# Favorite River Sayings



## lowhole4trowt (Feb 1, 2014)

Let's hear some of your favorite sayings on the stream...Or funny nonsense overheard from fellow anglers.

I'll start "Ahhh that was a fish dude." After indicator/bobber bumps the same rock 10 drifts in a row.


----------



## mdogs444 (Aug 29, 2012)

Go to an area to swing streamers, guy standing at top of run. I catch one within 10 minutes on a large spey fly. He yells that he's been there for 3 hours already and no hits. 

Me: Well what are you using?
Him: Spawn sacs
Me: Oh yeah, the fish here don't like anything natural
Him: ****. (Then leaves)

haha


----------



## ironfish (Jul 31, 2010)

While out pinning standing downstream from a fly fishing guide and his rube/client. if I heard it once I heard it a dozen times ''hey I think you caught it in the mouth'' or ''good hook up''oh bummer snagged it.yeah doood you snagged it.Did manage to get the guide to net a few fish for me...


----------



## flyphisherman (Jul 7, 2009)

"It ain't no use if it ain't chartreuse!"


----------



## zimmerj (Oct 17, 2014)

"I should be golfing."


----------



## kayak1979 (Jul 13, 2014)

"The surface of the Earth is 30% land and 70% water.
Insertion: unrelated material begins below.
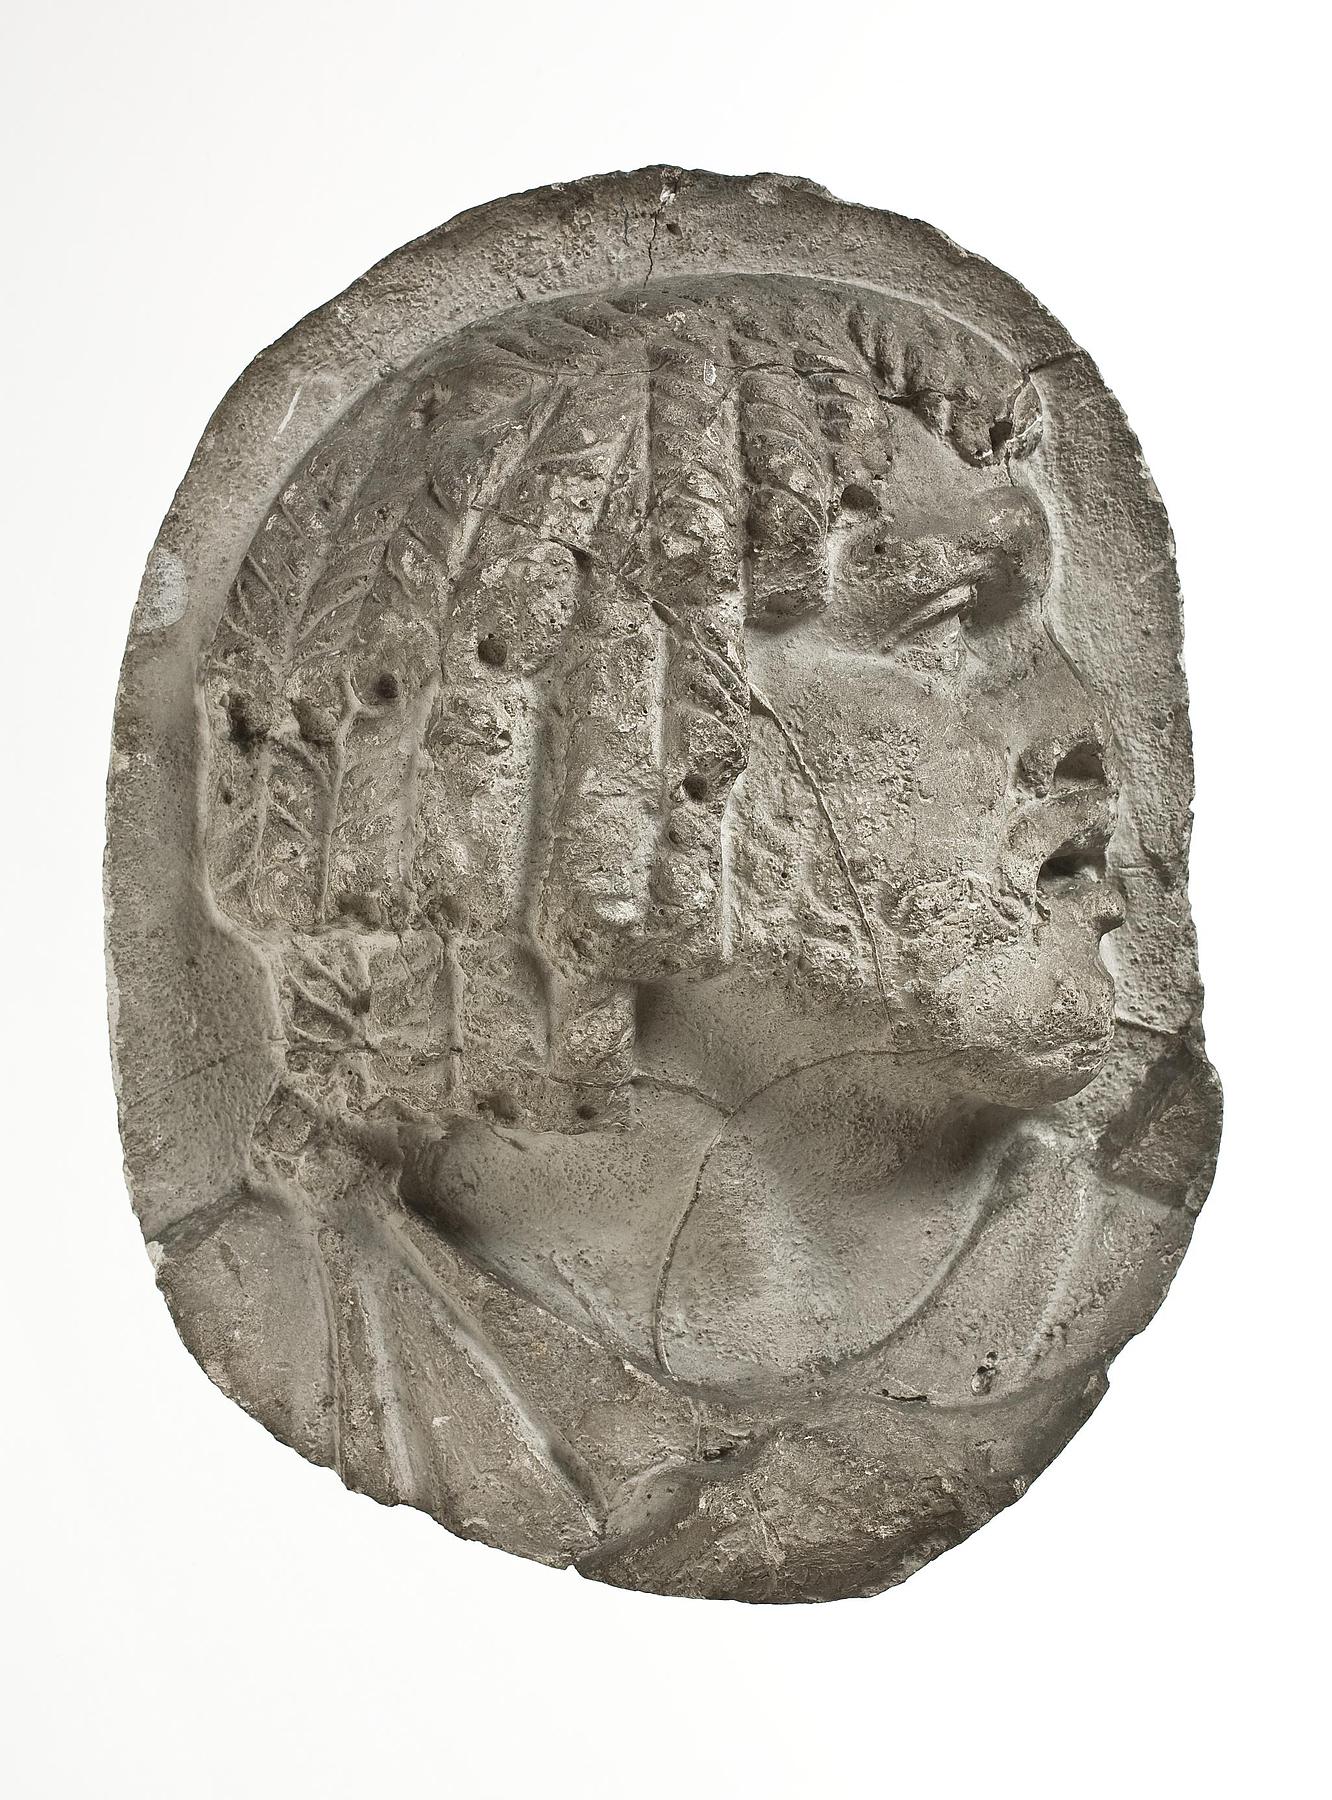 Heads of Barbarian horsemen, L334a

A new born baby is composed of 70% water and 30% everything else. I guess this means that life and water are inseparable. A human child at birth under goes a ritual almost identical to that inflicted upon the trout at death. The fish is whacked on the head, thus putting it out of its misery. The infant is whacked on the behind, thus initiating the end to its misery"

From one of my favorite fishing movies "The River Why"


----------



## master of steel (Oct 12, 2008)

My favorite

"Are you catching anything?"

Me - "nope"

Other angler keeps walking and I start snickering because I caught a bunch of them


----------



## creekcrawler (Oct 5, 2004)

"What are you fishing for in _this_ creek?"

"Uh, carp."


----------



## EyeCatchEm (Jan 6, 2014)

When someone is fishing my favorite hole I always pull the ole "they've been slaying them (insert a different access point) but I only have a little time before I have to be back at work"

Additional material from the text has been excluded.